— Нет, — сказал он и вдруг стал властным, — высокий мужчина рядом с маленькой женщиной, которая дрожала, как скрипичная струна. — Я не уйду. Ты знаешь, что не уйду. Или ты думаешь, я оставлю тебя здесь одну, наедине с чайной чашкой, в которой растворен веронал? Ты думаешь, я не знаю, что с тобой происходит? Я остаюсь. Точка.
— Точка? Точка? Но я хочу остаться одна.
Гайгерн быстро шагнул к ней — она стояла посреди комнаты — и прижал ее руки к своей груди.
— Нет, — поспешно сказал он. — Это неправда. Ты не хочешь остаться одна. Ты отчаянно боишься одиночества. Я же чувствую, как ты боишься. Я же чувствую тебя, я знаю тебя, маленькая, незнакомая. Меня ты не обманешь своей комедией. Твой театр — стеклянный, мне видно все насквозь. Ты была в отчаянии. Если я сейчас уйду, ты будешь отчаиваться еще больше. Скажи, что я должен остаться, скажи: «Да!» — Он сжал ее руки. Потом взял за плечи и встряхнул. Ей стало больно, и она поняла, насколько он взволнован. Ерылинков когда-то умолял ее, — вдруг вспомнилось ей. Этот человек повелевал. Она покорно и радостно склонила голову ему на грудь.
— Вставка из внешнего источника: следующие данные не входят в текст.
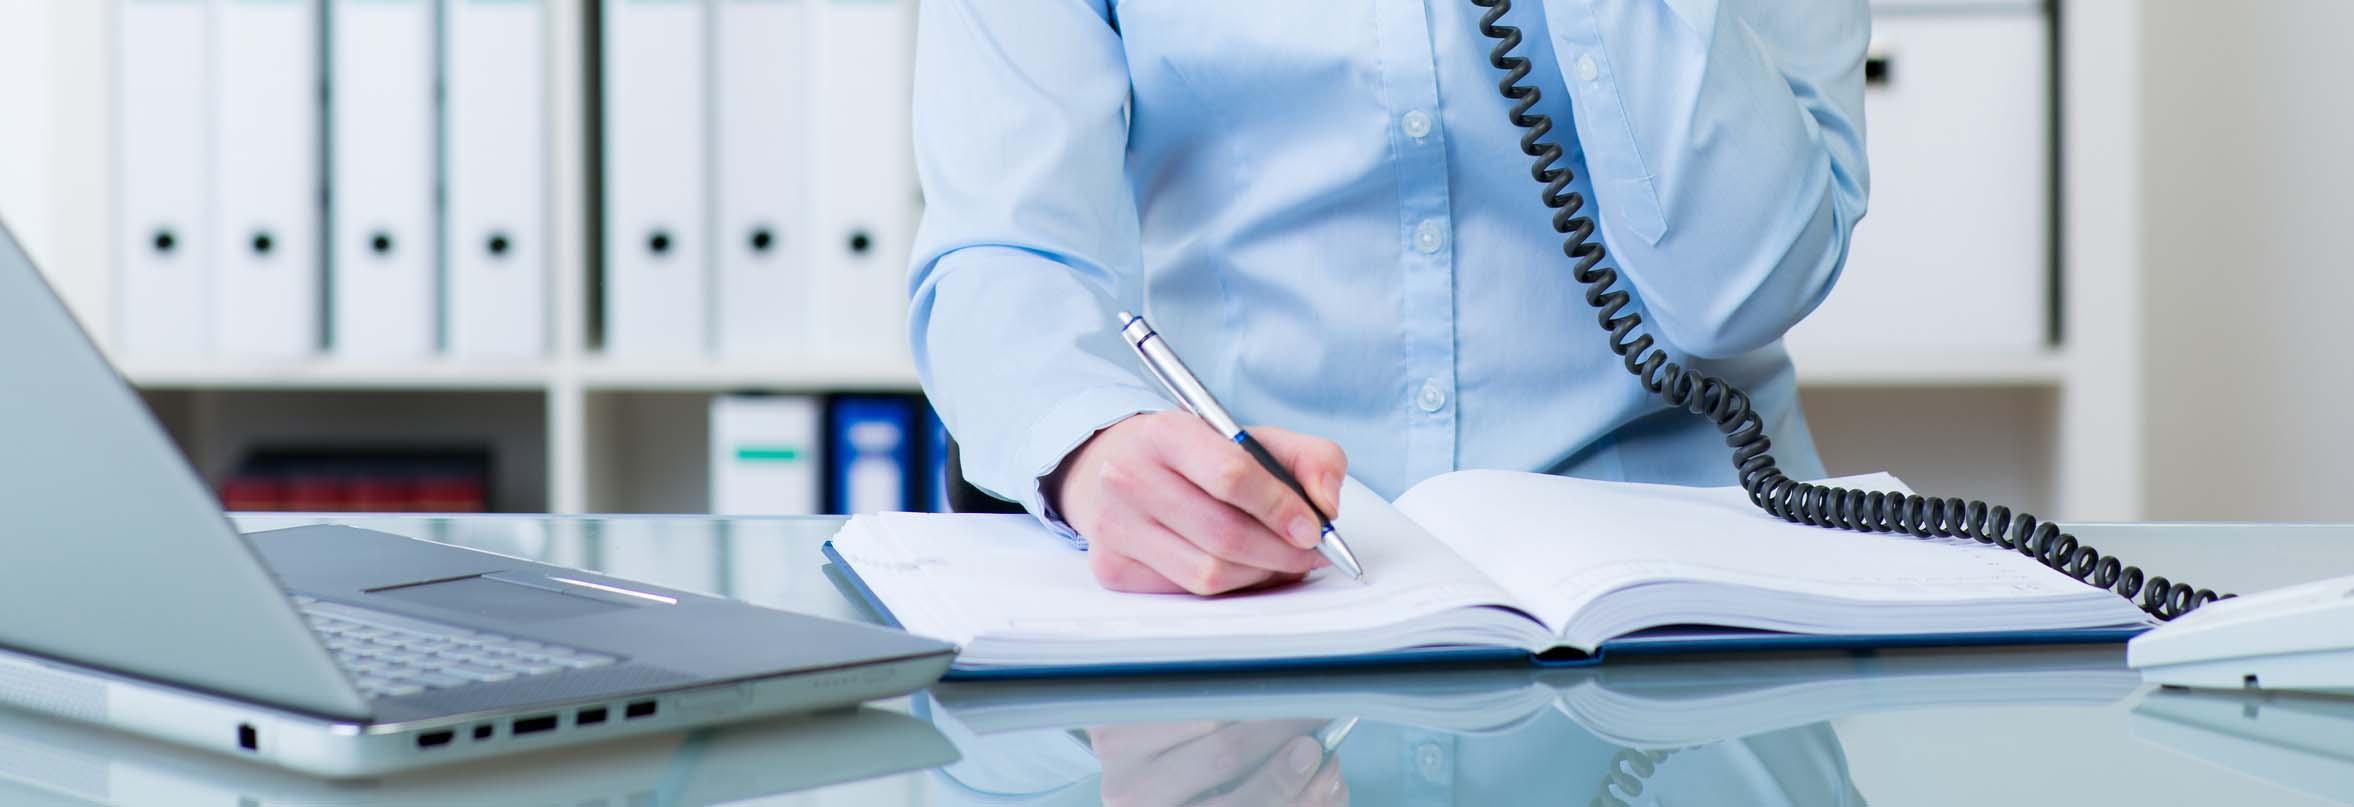 Wann und wie ein Mitglied einen Antrag mit Gerichtshilfe in die Tagesordnung bringen kann

— Да, побудь еще минуту, — прошептала она.
Гайгерн, глядя поверх ее головы, медленно выдохнул. Судорога страха начала ослабевать, и с молниеносной быстротой, как в фильме, пронесся вихрь образов: мертвая Грузинская в постели, принявшая огромную дозу снотворного; он спасается бегством по крышам; полицейские обыскивают ювелирную лавку в Шпринге; тюрьма — он понятия не имел, как выглядит тюрьма изнутри, но видел в этот момент все с предельной четкостью, и еще он увидел свою мать: она снова умирала, хотя умерла уже давно. Когда он вернулся назад, в 68-й номер, преодоленный страх и чувство опасности мгновенно обратились в пьянящий восторг. Он подхватил Грузинскую на руки и прижал к себе, как ребенка.
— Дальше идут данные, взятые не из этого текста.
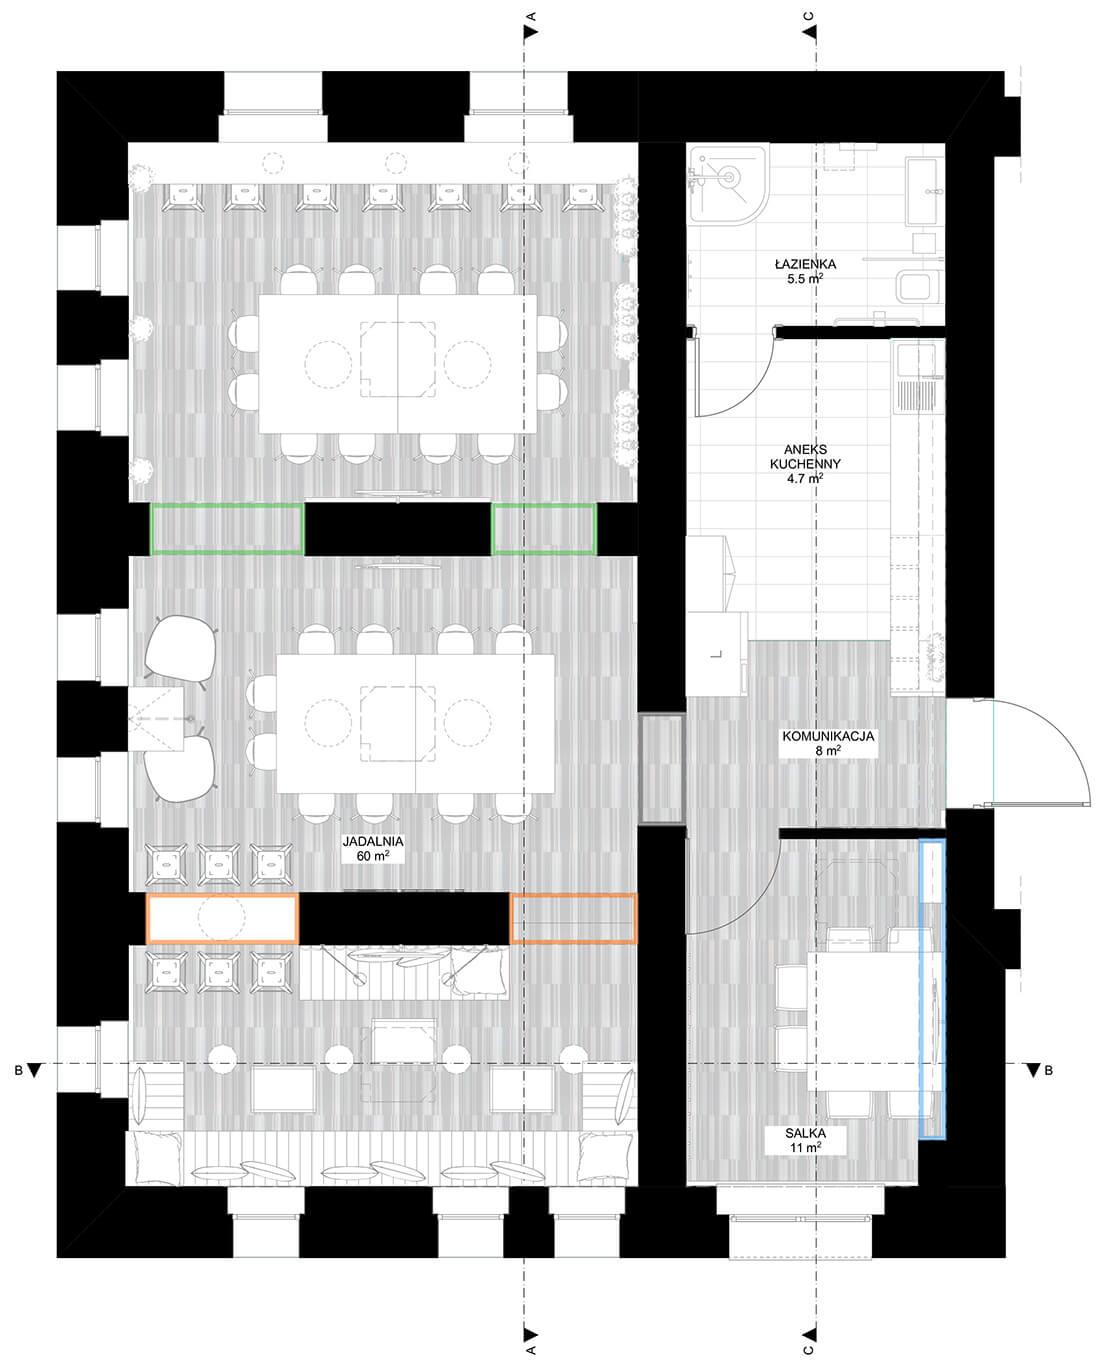 Rzut projektu wnętrza jadalni wraz z pomieszczeniami przyległymi

— Иди ко мне, иди, — бормотал он охрипшим голосом, касаясь губами ее виска.
Она, уже давно не ощущавшая своего тела, теперь его чувствовала. Много лет она не была женщиной, теперь же вновь ею стала. Черное гудящее небо завертелось над ее головой, и она бросилась в небо. Слабый, надтреснутый птичий вскрик, сорвавшийся с ее губ, превратил наигранную страсть Гайгерна в страсть неподдельную, глубокую, такую глубокую, какой он прежде не знал.
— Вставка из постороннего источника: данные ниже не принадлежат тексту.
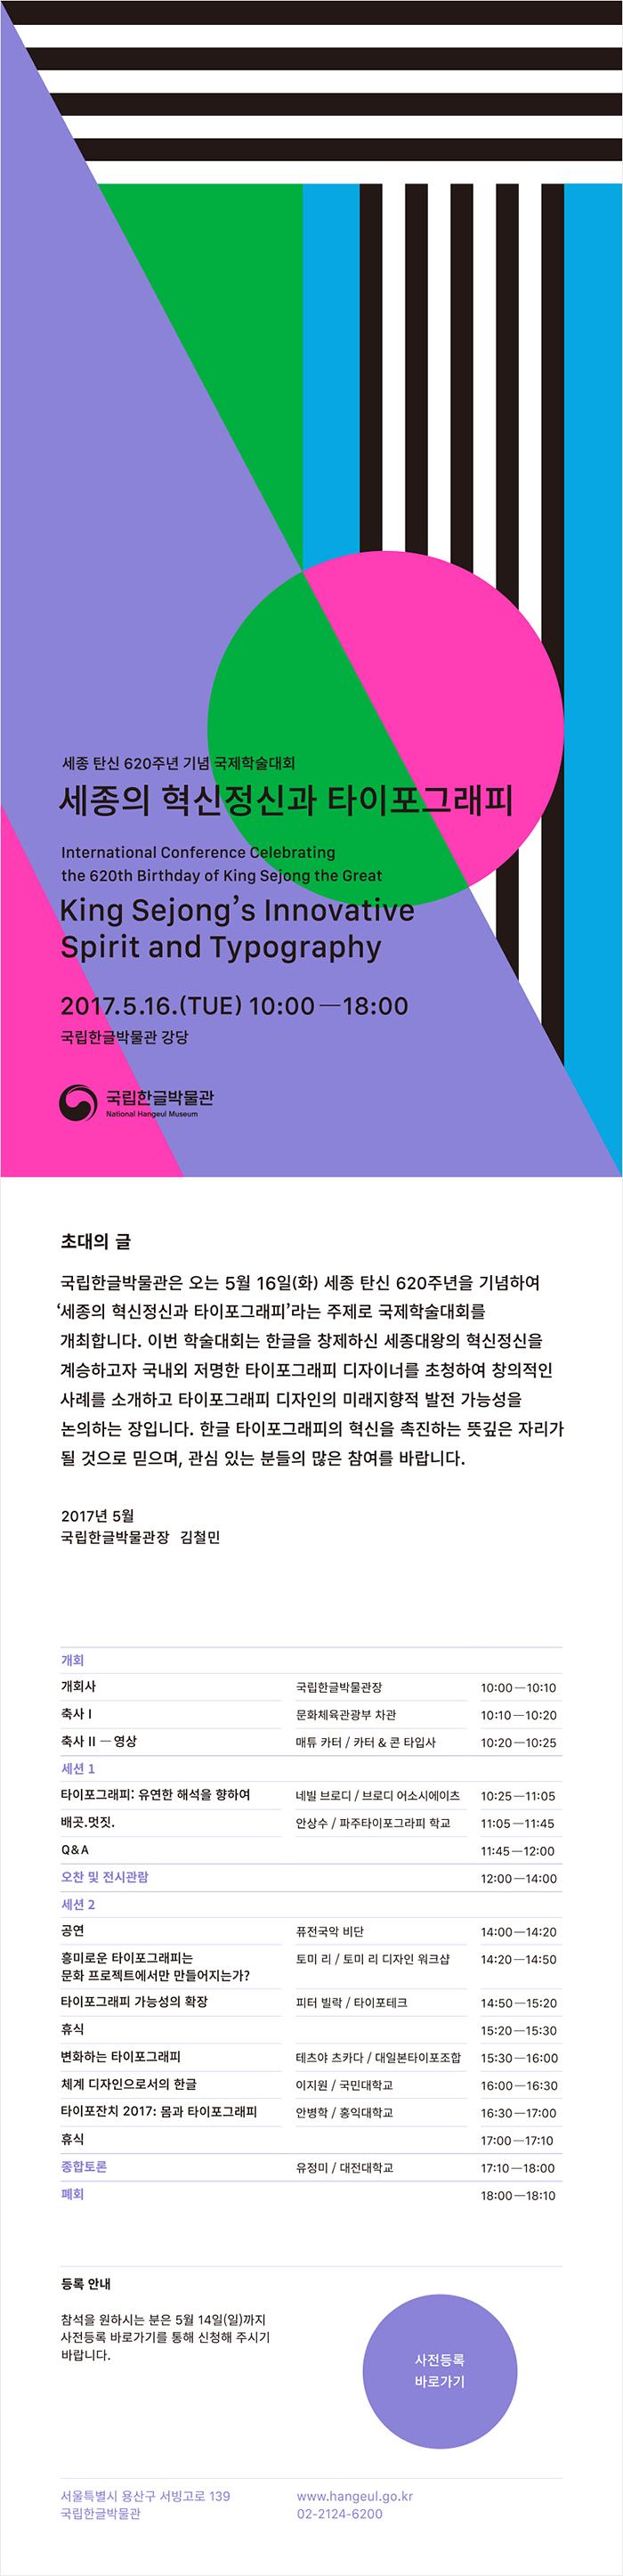 세종 탄신 620주년 기념 국제학술대회 세종의 혁신정신과 타이포그래피, International Conference Celebrating the 620th Birthday of King Seing the Great, King Sejong's Innovative Spirit and Typography, 2017.5.16.(THU) 10:00-18:00, 국립한글박물관 강당, 초대의 글, 국립한글박물관은 오는 5월 16일(화) 세종 탄신 620주년을 기념하여 세종의 혁신정신과 타이포그래피라는 주제로 국제학숙대회를 개최합니다. 이번 학술대회는 한글을 창제하신 세종대왕의 혁신정신을 계승하고자 국내외 저명한 타이포그래피 디자이너를 초청하여 창의적인 사례를 소개하고 타이포그래피 디자인의 미래지향적 발전 가능성을 논의하는 장입니다. 한글 타이포그래피의 혁신을 촉진하는 뜻깊은 자리가 될 것으로 믿으며, 관심 있는 분들의 많은 참여를 바랍니다., 2017년 5월 국립한글박물관장 김철민, 행사 순서 안내입니다. 10시~10시 10분: 개회사, 국립한글박물관장, 10시 10분~10시 20분: 축사 1, 문화체육관광부 차관, 10시 20분~10시 25분, 축사 2(영상), 매튜 카터, 카터 앤드 콘 타입사, 세션 1, 10시 25분~11시 5분, 타이포그래피: 유연한 해석을 향하여, 네빌 브로디, 브로디 어소시에이츠, 11시 5분~11시 45분, 배곳.멋진. 안상수, 11시 45분~12시, 질의 응답, 12시~오후2시, 오찬 및 전시관람, 세션 2, 오후 2시~오후 2시 20분, 공연, 퓨전국악 비단, 오후 2시 20분~2시 50분, 흥미로운 타이포그래피는 문화 프로젝트에서만 만들어지는가?, 토미 리, 토미 리 디자인 워크샵, 오후 2시 50분~3시 20분, 타이포그래피 가능성의 확장, 피터 빌락, 타이포테크, 오후 3시 20분~3시 30분, 휴식, 오후 3시 30분~4시, 변화하는 타이포그래피, 테츠야 츠카타, 대일본타이포조합, 오후 4시~4시30분, 체계 디자인으로서의 한글, 이지원, 국민대학교, 오후 4시 30분~5시, 타이포잔치 2017: 몸과 타이포그래피, 안병학, 홍익대학교, 오후 5시~5시 10분, 휴식, 오후 5시 10분~6시, 종합토론, 유정미, 대전대학교, 오후 6시~6시 10분, 폐회, 등록안내: 참석을 원하시는 분은 5월 14일 일요일가지 사전등록 바로가기를 통해 신청해 주시기 바랍니다. 사전등록 바로가기 url, https://goo.gl/forms/AGUYZSIGUIDSU6Io2, 국립한글박물관 주소: 서울시 용산구 서빙고로 139, 누리집(홈페이지) url: www.hangeul.go.kr, 대표전화: 02-2124-6200

Когда внизу по улице проезжал автомобиль, чайная чашка на столе слабо позвякивала. Сначала в растворенной отраве отражался белый свет люстры, потом лишь красноватый отсвет ночника, потом только крадущийся огонек рекламы, пробивавшийся сквозь занавески. Двое часов мчались наперегонки, в коридоре громыхала дверь лифта, на далекой церкви часы пробили час, перекрыв автомобильные гудки, а еще через десять минут загорелись прожекторы на фасаде Гранд-отеля.
— Ты спишь?
— Нет.
— Тебе удобно лежать?
— Да.
— У тебя глаза открыты, я чувствую. Чувствую твои ресницы. Они касаются моей руки, когда ты открываешь или закрываешь глаза. Как странно: взрослый мужчина, а ресницы как у ребенка. Скажи, тебе хорошо сейчас?
— Я никогда еще не был так счастлив, как сейчас.
— Скажи еще, еще раз!
— Я никогда не был так счастлив, — бормочет Гайгерн в мягкую прохладную плоть руки, на которой покоится его голова.
Он говорит правду. Он невыразимо счастлив и преисполнен благодарности. Никогда раньше, во всех своих дешевых любовных приключениях он не знал этого опьянения без похмелья, этого трепещущего покоя после объятий, этого глубокого доверия двух тел — своего и чужого. Его тело, расслабившееся и удовлетворенное, лежит рядом с телом женщины, и между его и ее кожей полное понимание. Он чувствует что-то, чему нет имени, что нельзя назвать даже любовью — нет, это возвращение домой после долгой разлуки и тоски по дому. Он молод, но в объятиях уже немолодой Грузинской, под ее нежными, деликатными ласками он становится еще моложе.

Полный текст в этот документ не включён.